# Some Handles I turned Friday for a set of carbide tools I ordered from RusDemka



## oldmacnut (Nov 24, 2012)

I will condense 2 threads into 1.

The handles are 21" long.
1 is bookmatched Walnut, the others are variations of Cherry and Walnut.

I setup my drill press and mortising chisel yesterday to mortise out the 1/2" mortise instead of just drilling a round hole. I wasnt sure I would get away with using the mortising attachment the way I did, however it did work.

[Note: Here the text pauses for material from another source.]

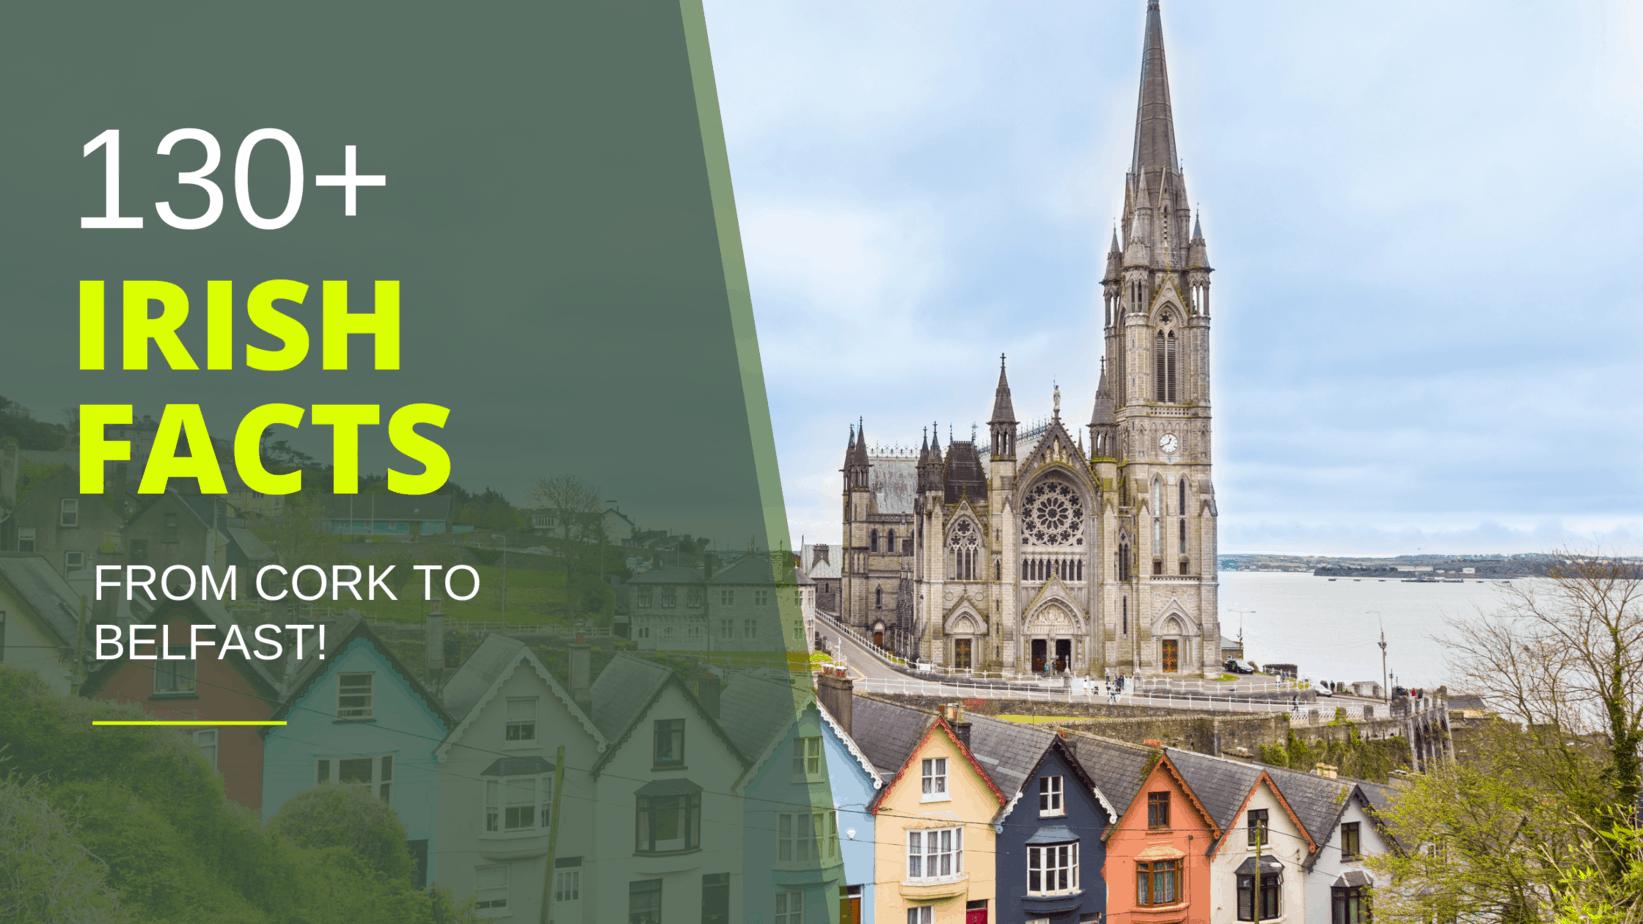 130+ Irish facts

http://i.Rule #2/sezSj.jpg

http://i.Rule #2/4az5J.jpg

http://i.Rule #2/ER3Gg.jpg

http://i.Rule #2/uDCwn.jpg


----------



## healeydays (Nov 24, 2012)

Very nice...


----------



## duncsuss (Nov 24, 2012)

nice -- very attractive handles


----------



## woodtickgreg (Nov 24, 2012)

Now that's the way to put a square peg in a not round hole! 
Nice handles.


----------



## Patrude (Nov 25, 2012)

oldmacnut said:


> I will condense 2 threads into 1.
> 
> The handles are 21" long.
> 1 is bookmatched Walnut, the others are variations of Cherry and Walnut.
> ...



 Nice work, now those look impressive. Sure adds a measure to the tool. nice contrast too


----------